Skip to content

Namespace: split

With help of function defined inside this namespace you can define your own spit criteria. If these, automatically generated from attribute definitions are not enough for you. This should not be generally needed, for some advanced usages, you can create some pseudo fields in your data set.

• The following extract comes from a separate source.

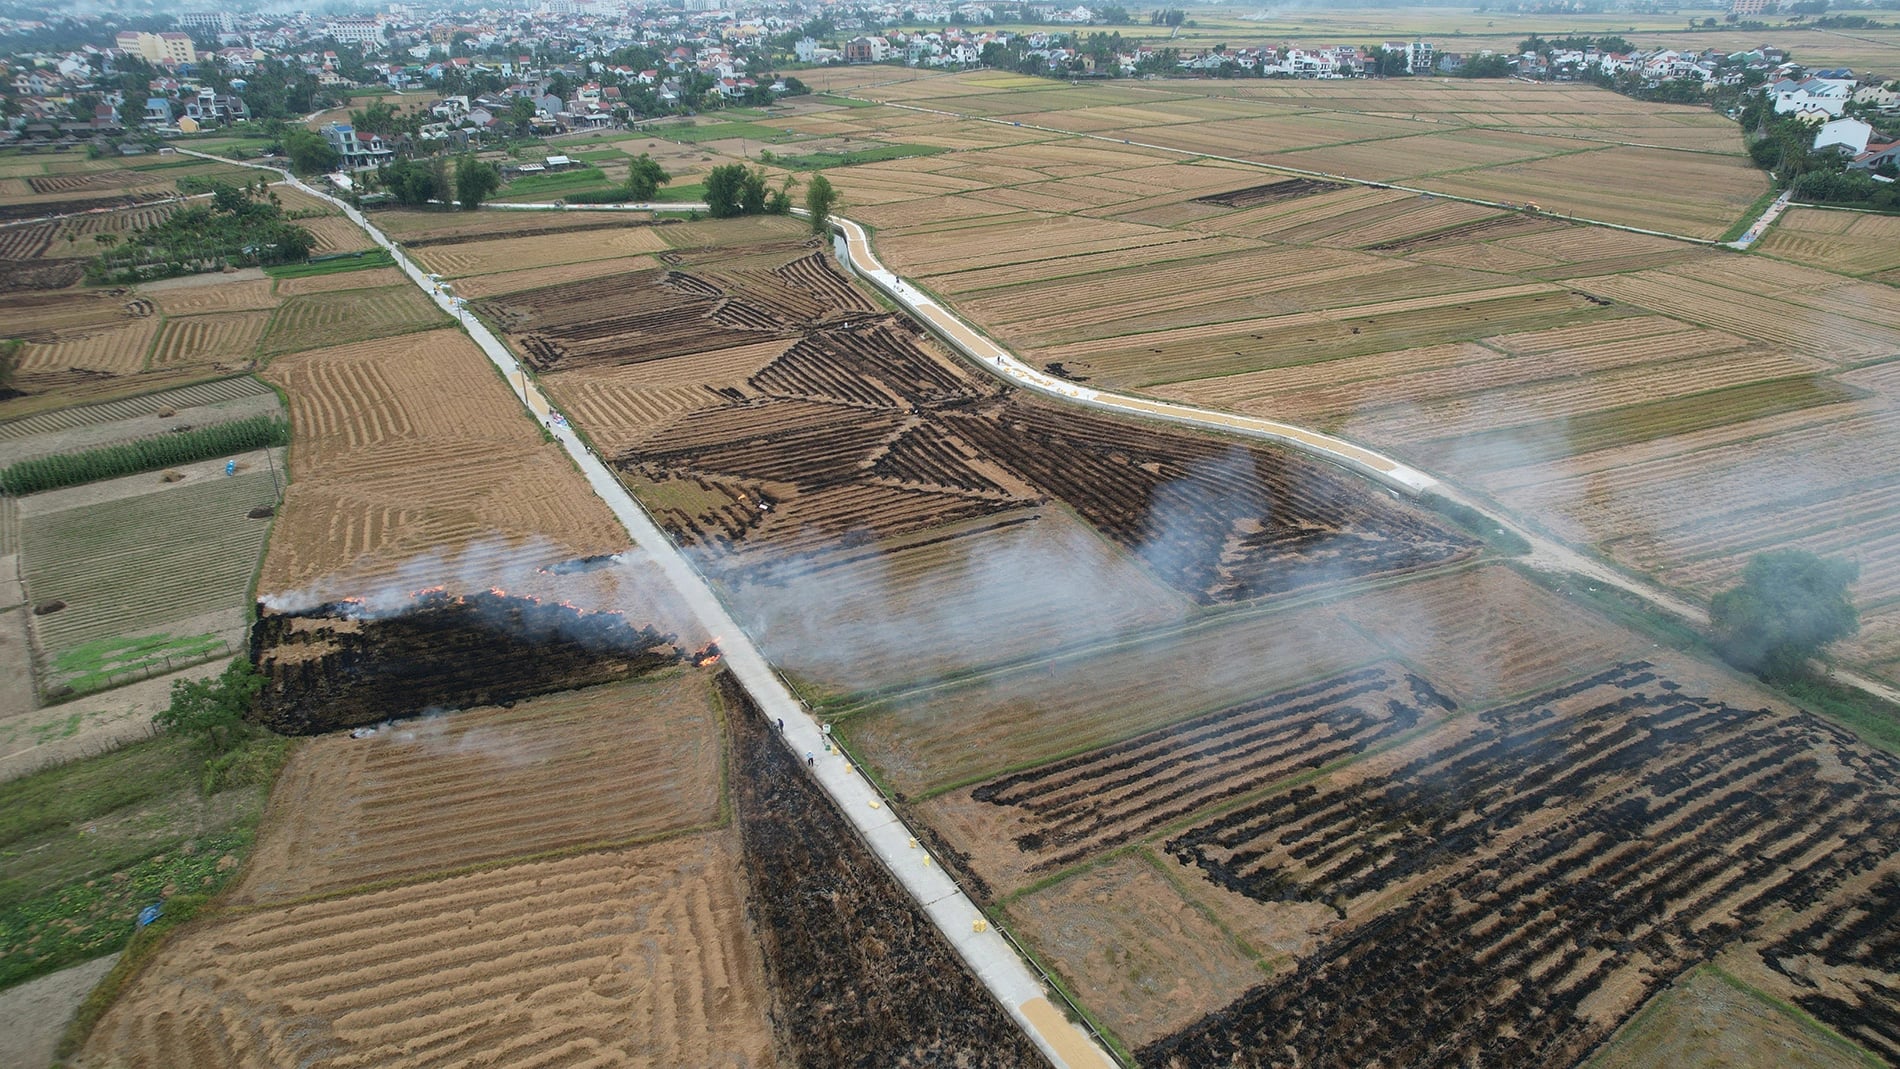 Farmers burn rice straw on harvested fields, a method to destroy disease germs and weeds as well as to use ash as fertilizer for the soil, in Hoi An City, central Vietnam. Photo: Pham Van Son

// WARNING: code is just for demonstration, how to use functions inside split namespace
// you can achieve same effect with data set preprocessing and it will be probably easier (recreate dataset to your needs)

import {
  growTree,
  buildAlgorithmConfiguration,
  split,
  impurity,
  prune,
  sampleDataSets,
  TreeGardenDataSample,
  TreeGardenConfiguration
} from 'tree-garden';


// lets use build-in titanic data set
const { titanicSet } = sampleDataSets;

// lets speedup training phase and have just two age categories - by default all age ranges are generated
const myOwnContinuousAttributeGatheringFn = (attributeId:string, dataSet:TreeGardenDataSample[], configuration:TreeGardenConfiguration) => {
  if (attributeId === 'age') {
    // see we need to return array of arrays as you usually generate more criteria from single attribute
    return [
      ['age', '<', 10], // chick
      ['age', '>', 40] // elder
    ];
  }
  return split.getPossibleSpitCriteriaForContinuousAttribute(attributeId, dataSet, configuration);
};


const algorithmConfig = buildAlgorithmConfiguration(titanicSet, {
  // removed attributes with many values - i can use information gain, which is cheaper for calculation
  excludedAttributes: ['ticket', 'embarked', 'name', 'cabin'],
  getScoreForSplit: impurity.getInformationGainForSplit,
  getAllPossibleSplitCriteriaForContinuousAttribute: myOwnContinuousAttributeGatheringFn
});

const rawTree = growTree(algorithmConfig, titanicSet);
const prunedTree = prune.getPrunedTreeByPessimisticPruning(rawTree);

// output result - put it to visualization tool
console.log(JSON.stringify(prunedTree));

If you put output to visualization tool, you can see our split criteria was used couple of times ;)

Functions

Functions

getPossibleSpitCriteriaForContinuousAttribute

getPossibleSpitCriteriaForContinuousAttribute(attributeId, dataSet, configuration): SplitCriteriaDefinition[]

Parameters

Name Type
attributeId string
dataSet TreeGardenDataSample[]
configuration Object

Returns

SplitCriteriaDefinition[]

Defined in

split.ts:181


getPossibleSpitCriteriaForDiscreteAttribute

getPossibleSpitCriteriaForDiscreteAttribute(attributeId, dataSet, configuration): SplitCriteriaDefinition[]

Parameters

Name Type
attributeId string
dataSet TreeGardenDataSample[]
configuration Object

Returns

SplitCriteriaDefinition[]

Defined in

split.ts:167


getSplitCriteriaFn

getSplitCriteriaFn(attributeId, operator, value?): (currentSample: TreeGardenDataSample) => any

Factory function that returns function that accepts sample and decides what is its tag for splitting useful for unit tests.

Example

const splitDefinition = ['weight', '>', 30] as const;
const splitter = split.getSplitCriteriaFn(...splitDefinition);
console.log(splitter({ weight: 40 })); // should show true

Parameters

Name Type
attributeId string
operator "==" | ">=" | "<=" | ">" | "<"
value? string | number | Function | (string | number)[]

Returns

fn

(currentSample): any

Parameters
Name Type
currentSample TreeGardenDataSample
Returns

any

Defined in

split.ts:47